Похищение! Михаил здоров, его просто нужно встряхнуть, старик увезет его в деревню, они остановятся в хорошей украинской деревне — с плетнями, тыном, коровкой, кринками, парным молочком, с библейской корочкой седого украинского хлеба, где козы орут, неудачницы, и собаки лают по-хохляцки, натужно и хрипло, где пыль за окном поднимается и оседает, как танцовщица, а трава сладко-горькая, где, где, где…
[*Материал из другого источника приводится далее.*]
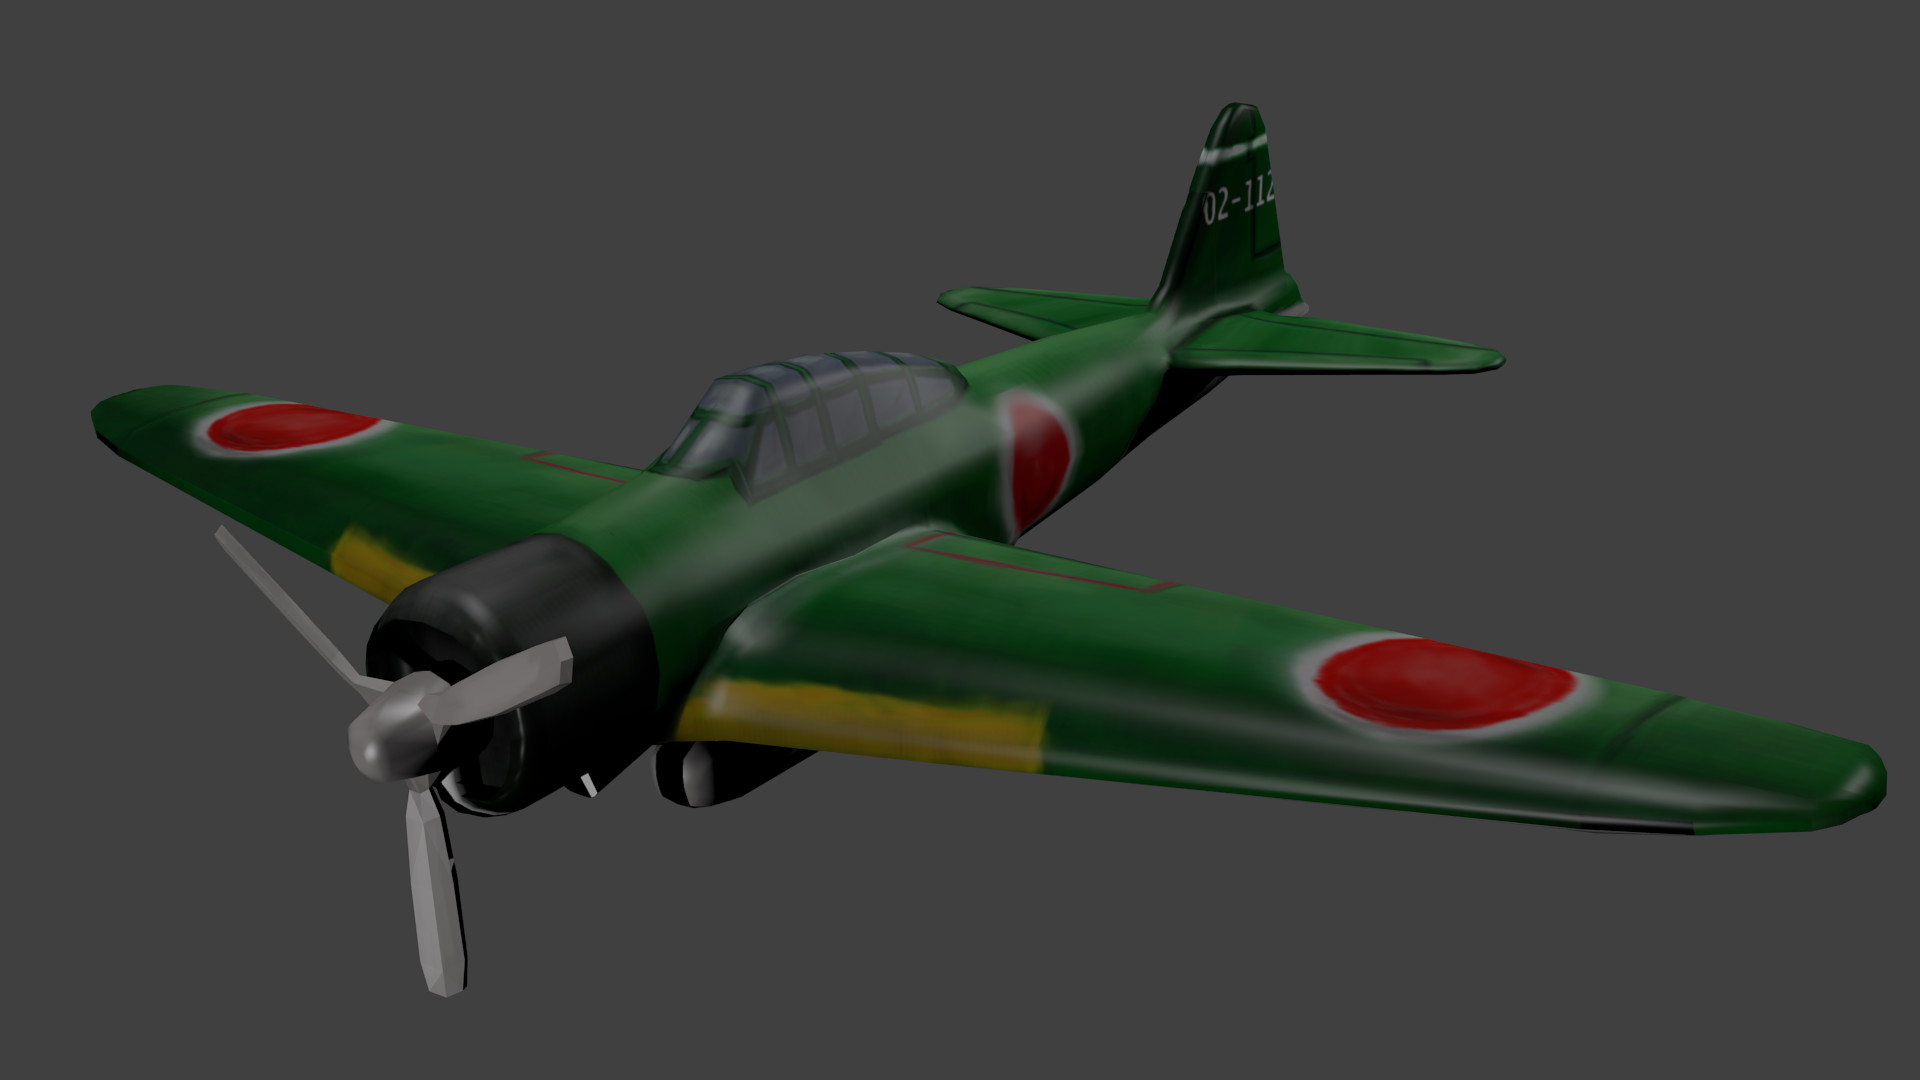 zeroplane1.png

Там молодость осталась, там покой, волнения, там сладкая тревога, спать и спать, а проснувшись, уже без нервов договорим о Шекспире, хотя черт с ним, Шекспиром, он и Гамлета в кино досмотрел с грехом пополам, папье-маше сплошное, гадость. А Гамлет — это резкая черта, проведенная острым ногтем по истории человечества, почти надрез, надо было так фильм строить, чтобы кадр перегнуть пополам неровной линией, все как бы разрезаны, пытаются пригнуться куда-то под черту или вскочить на нее, балансируя, а Гамлет так и ходит перерезанный, и чтобы лента целлулоидная потрескивала и чадила как бы от старости, будто ей пять веков, как Шекспиру, и кино изобретено давным-давно. «Пусть Гамлета поднимут на помост, как воина, четыре капитана», а еще лучше, пускай меня поднимут на помост, как своего, четыре уркагана…
Ему надоело шептать под Каварадосси, он пришел. Больничные руины были ничем не хуже римских, разница в том, что те — останки когда-то роскошных зданий, а эти — еще не достроенных, разница, что в Рим его не пускали, а сюда он мог проникнуть беспрепятственно, руины надо бы подсветить, и пусть по развалинам бродят никому не принадлежащие, не оприходованные больные — опять же с той разницей, что имена у них не сладко-звучные, а всякие там Юрики, Толики. Врачи, как патриции в белых хитонах, те же сандалии на ногах. Вообще мир не изменился.